The Adventure of Sun ‘n Fun Continues

Jon Whittle

I have no history with hot air balloons, but plenty with Wacos since my father was an avid restorer of the antique airplanes. And I even had hopes of learning to fly my dad’s mainstay, Big Red. That was before he and two others in the airplane went down into Lake Apopka (I have yet put the details to writing, and I’m not sure I’m ready to here in this blog, so bear with me).

So suffice it to say, when Peter Bowers of Michigan-based Waco Classic Aircraft Corporation ( contacted the magazine that its new YMF D model would be at Sun ‘n Fun, my interest was piqued — for very personal reasons. Like I’ve mentioned in past blogs, I never looked back after my dad’s death. Little did I know that a company had started a modern production of the Waco YMF in the early 80s with the first YMF receiving FAA certification under the original Waco type certificate a few years later. The new D Model settled into Sun n Fun for a week of demo rides and aerobatic performances with Bob Wagner at the stick — and I had a chance to hop in for a ride.

The balloon experience took a bit longer than anticipated so I barely made our appointment. I literally jumped out of the chase van and beelined to where the demo airplane was parked on the flight line, right next to the Aeroshell Team’s T-6s. A sight in and of itself!

Pilot Bob Wagner got me situated in the front cockpit, briefing me about the controls, attaching my harness belt and helping me don the helmet. It was familiar from the moment I walked up to the airplane, but when he yelled “Clear the prop!” and the 300 hp Jacobs radial engine roared to life, I was back home. I can’t explain it properly, but that’s as close as I can get to it in words. Bob taxied out to the runway and we and another airplane were cleared for a tandem takeoff immediately after some warbirds that were ahead of us. We flew out as a group before Bob split off and headed south to do some maneuvers. It was a beautiful day for an open cockpit experience.

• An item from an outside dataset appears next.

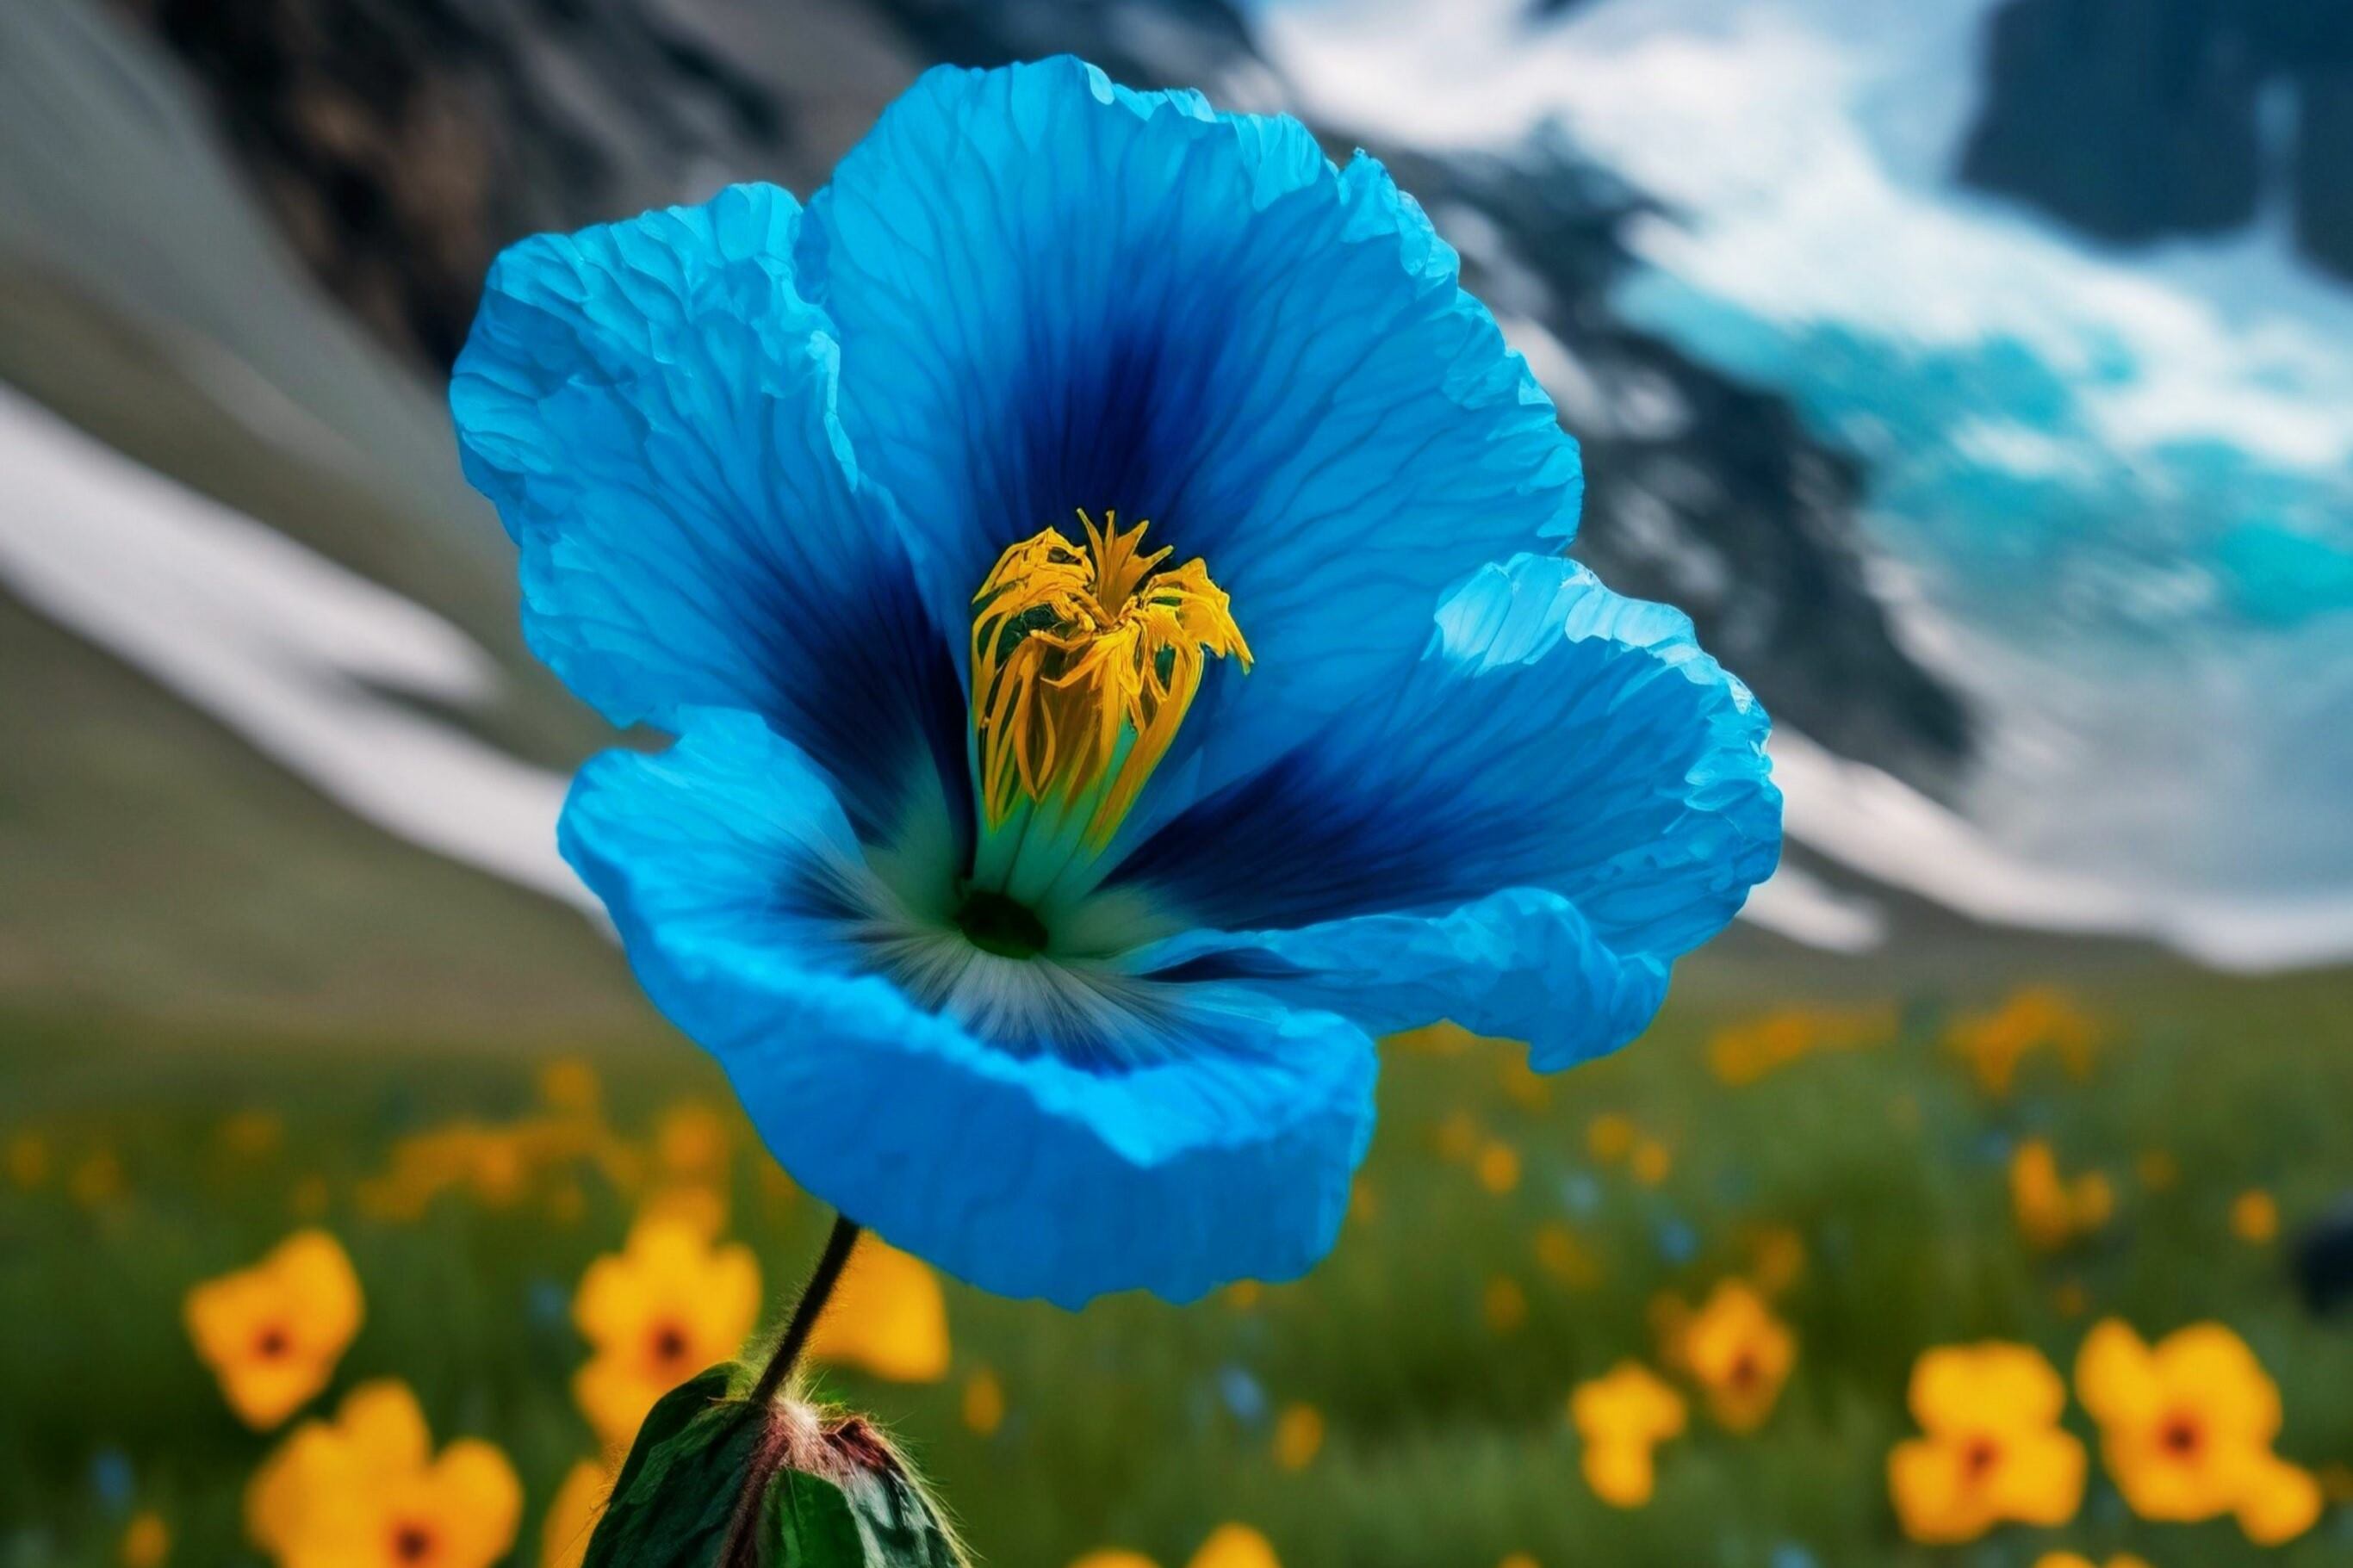 Discover The Meaning Behind Blue And Yellow Flowers - A Symbol Of Joy And Serenity!

The wind rushing by, the comforting rumble of the engine.

Bob’s voice came over the radio and told me to take the stick. I did some turns and then straight and level flight before performing a stall. It felt very stable. He then took the controls and said “Here’s how you do a lazy 8 for your commercial license, nice and easy.” I quickly pointed out that I wasn’t going for a commercial license, but he had already commenced the maneuver. It seemed pointless to add that I had never experienced a Lazy 8! It was smooth as silk. I loved it, my laughs disappeared into the windstream! After completing the maneuver, he then piped into my ear “This is how you do a FUN Lazy 8!” I stopped my protest b/c it was too late, he had already begun the FUN maneuver. Wow! My delight overtook my fear as I was pressed down into my seat. Leveling out, we headed back in to join the war bird arrival at Linder. As we cruised along, I couldn’t help wonder what my dad would think. Not only about me in this moment and my renewed interest in flying, but about how much the Waco has progressed with modern production. The pilot’s cockpit is outfitted with a glass panel, something that was not even around when my dad was. And I had to chuckle that it now had LED landing lights! If he had lived into this century, unlike some his age, I’m sure he would have embraced such technology (and would have become computer savvy and surfed the Internet). Despite the technology and the modern production, I’m sure the flight experience is not so different from that of decades ago in his vintage aircraft restorations. I can hear his laugh, not too unlike mine just moments prior.

After a smooth and easy landing, we taxied back to the Waco’s parking spot so Bob could get ready to perform with the warbirds. Just before thanking Bob (another ironic twist, for my dad's name was Bob), I asked him if he might have known my father. Yes, he had met him, he told me, when he had been hired to deliver one my father’s last restorations, a taperwing, to the gentleman who had purchased it. I didn’t really know what to say…I wanted him to give a yes answer, but didn’t expect it. So I just said, thank you for a great ride and took my leave.

As a kid, I went to Sun ‘n Fun quite a few times with my father and I remember them as being fun. But, my first Sun ‘n Fun in nearly 30 years was one to remember, on so many levels. I can’t even imagine what 2011 will be like!